Supplied records below:

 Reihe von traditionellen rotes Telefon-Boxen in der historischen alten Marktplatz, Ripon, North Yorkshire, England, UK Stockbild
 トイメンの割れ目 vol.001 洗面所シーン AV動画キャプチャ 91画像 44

End of Supplied records.
Supplied records below:

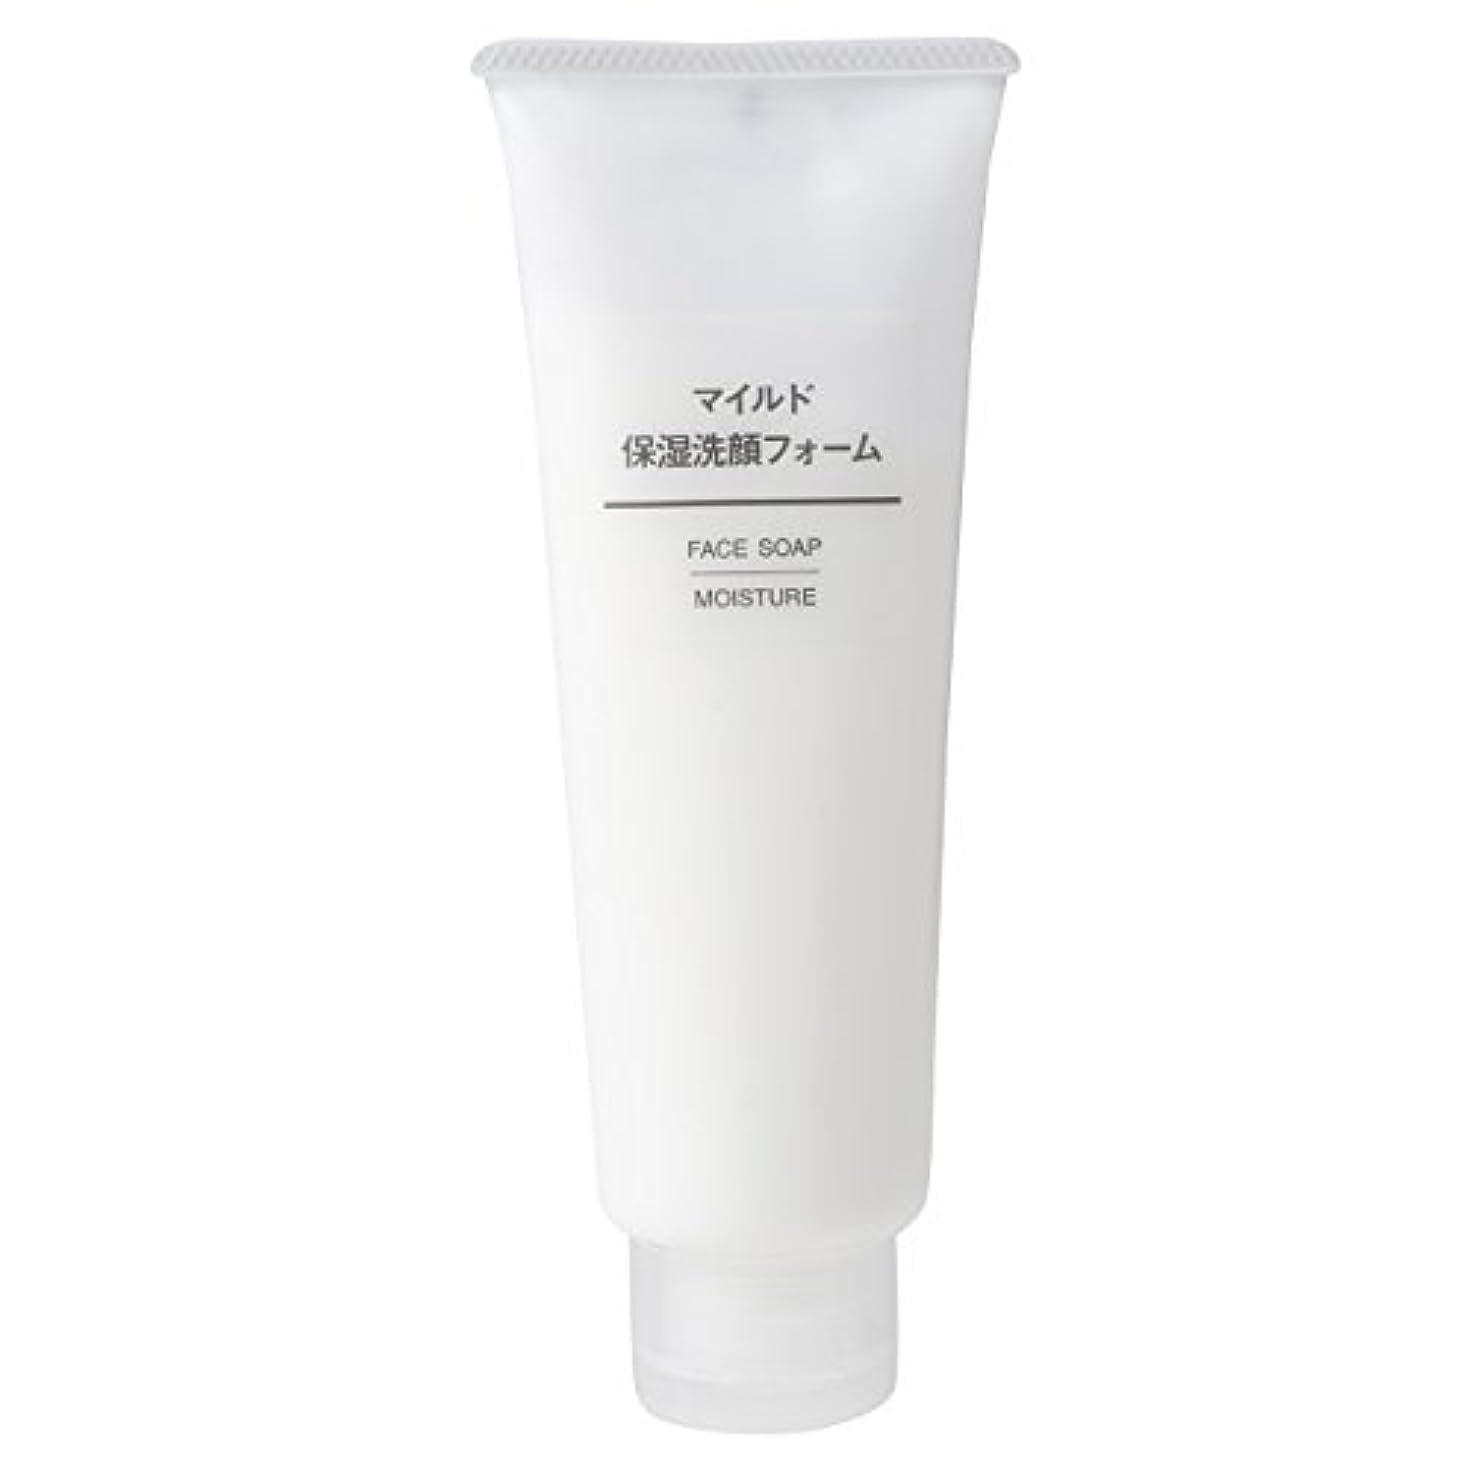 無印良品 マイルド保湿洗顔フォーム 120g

End of Supplied records.
Supplied records below:

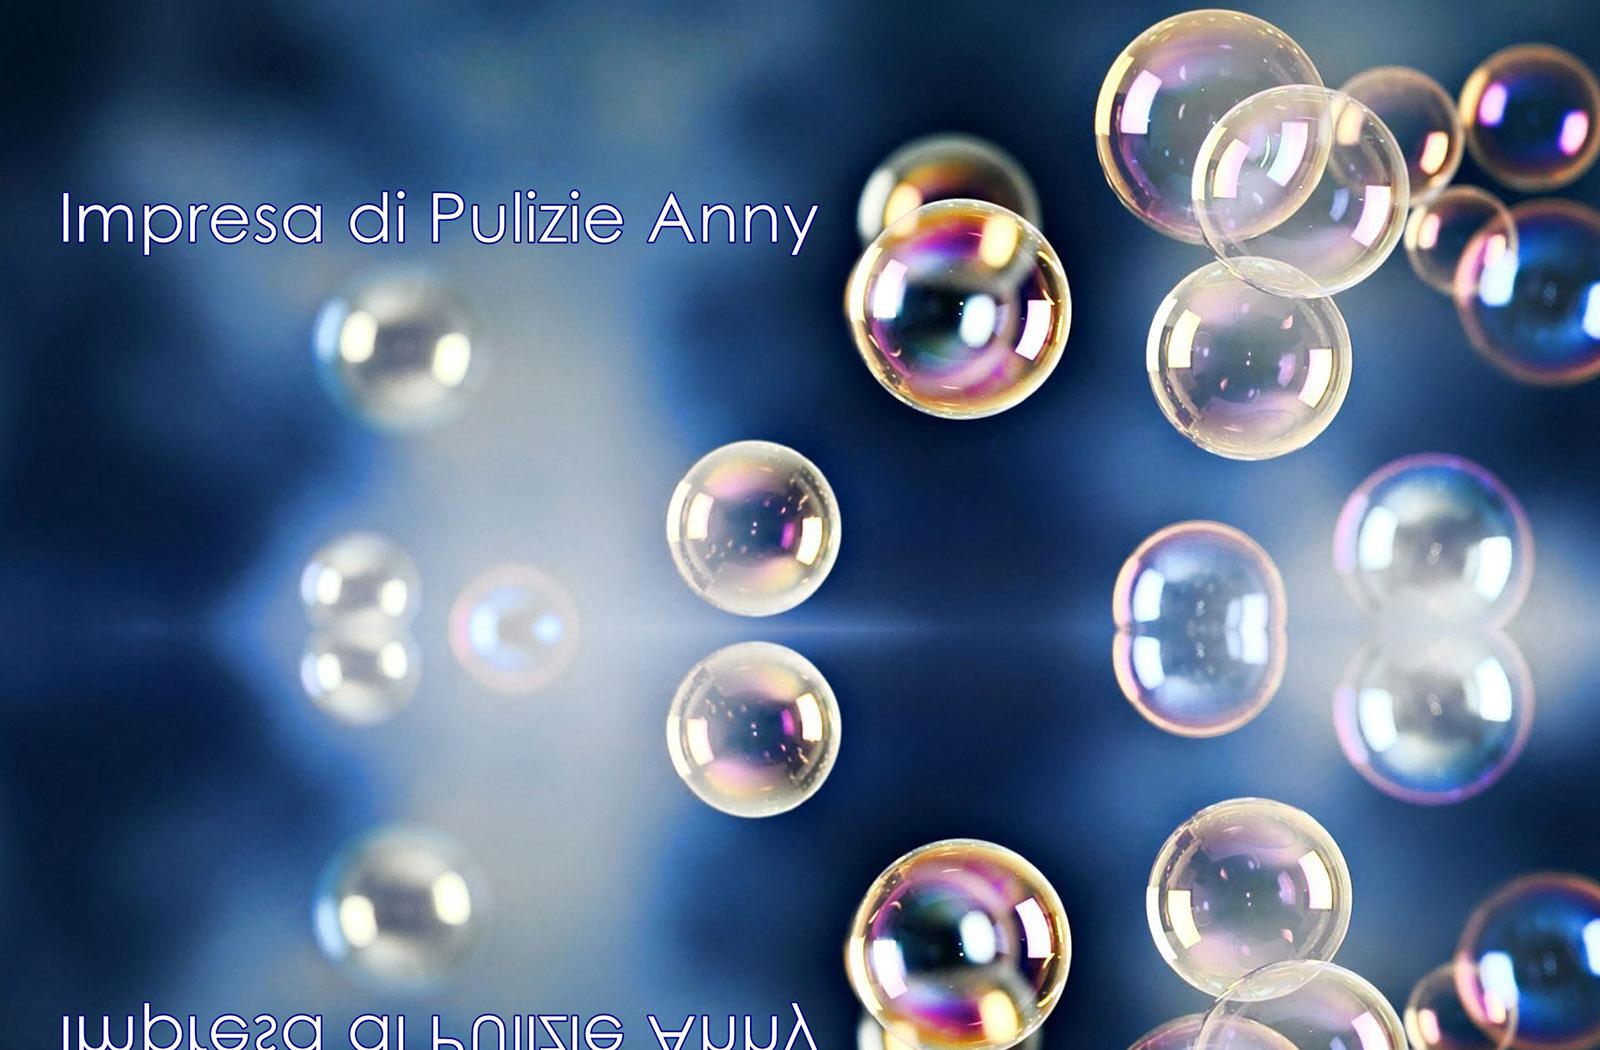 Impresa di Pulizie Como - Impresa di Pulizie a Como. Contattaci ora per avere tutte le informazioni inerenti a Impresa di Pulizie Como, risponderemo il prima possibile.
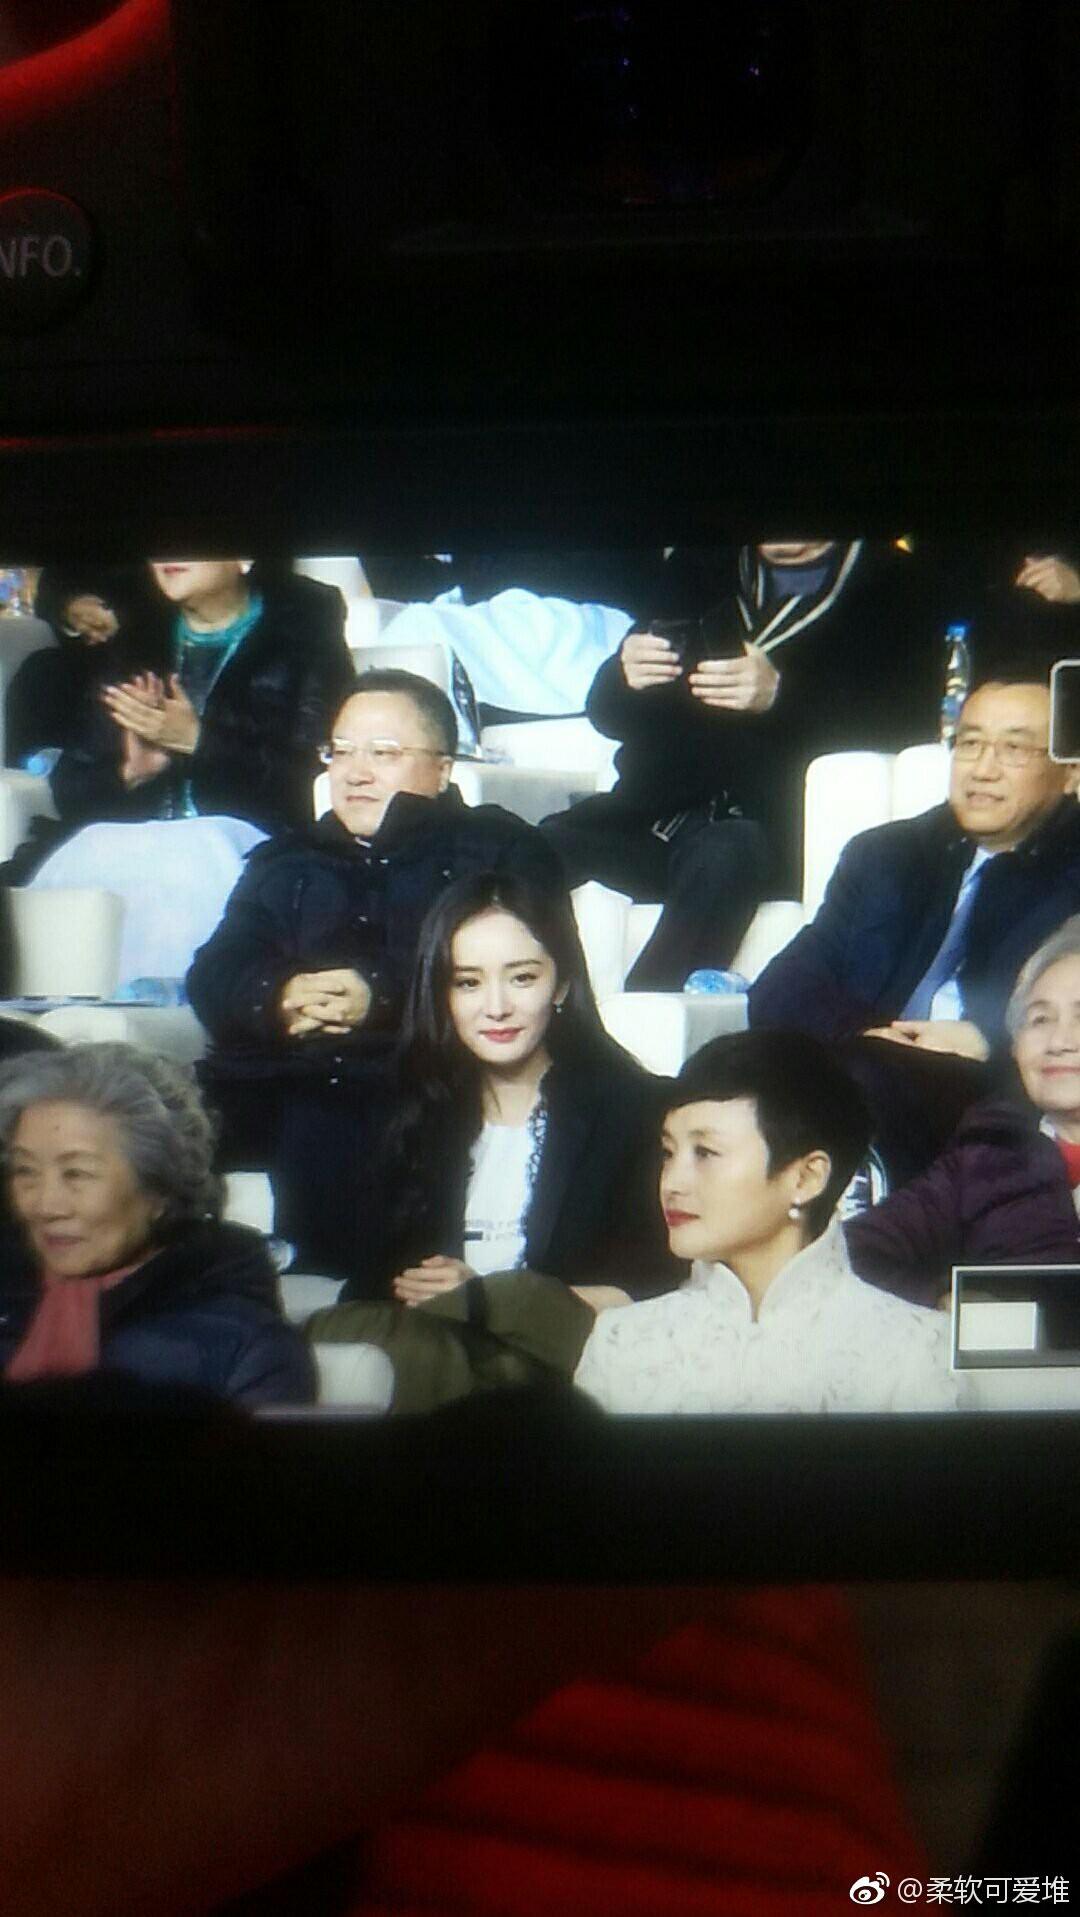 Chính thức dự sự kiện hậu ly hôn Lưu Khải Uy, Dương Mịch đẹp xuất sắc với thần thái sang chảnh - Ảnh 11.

End of Supplied records.

* Task brief: Look through the listing above for the line with "Impresa di Pulizie Como - Impresa" and the line with "Chính thức dự". Write out exactly those lines and everything between, leaving out pictures.

* Solution to the problem:
 Impresa di Pulizie Como - Impresa di Pulizie a Como. Contattaci ora per avere tutte le informazioni inerenti a Impresa di Pulizie Como, risponderemo il prima possibile.
 Chính thức dự sự kiện hậu ly hôn Lưu Khải Uy, Dương Mịch đẹp xuất sắc với thần thái sang chảnh - Ảnh 11.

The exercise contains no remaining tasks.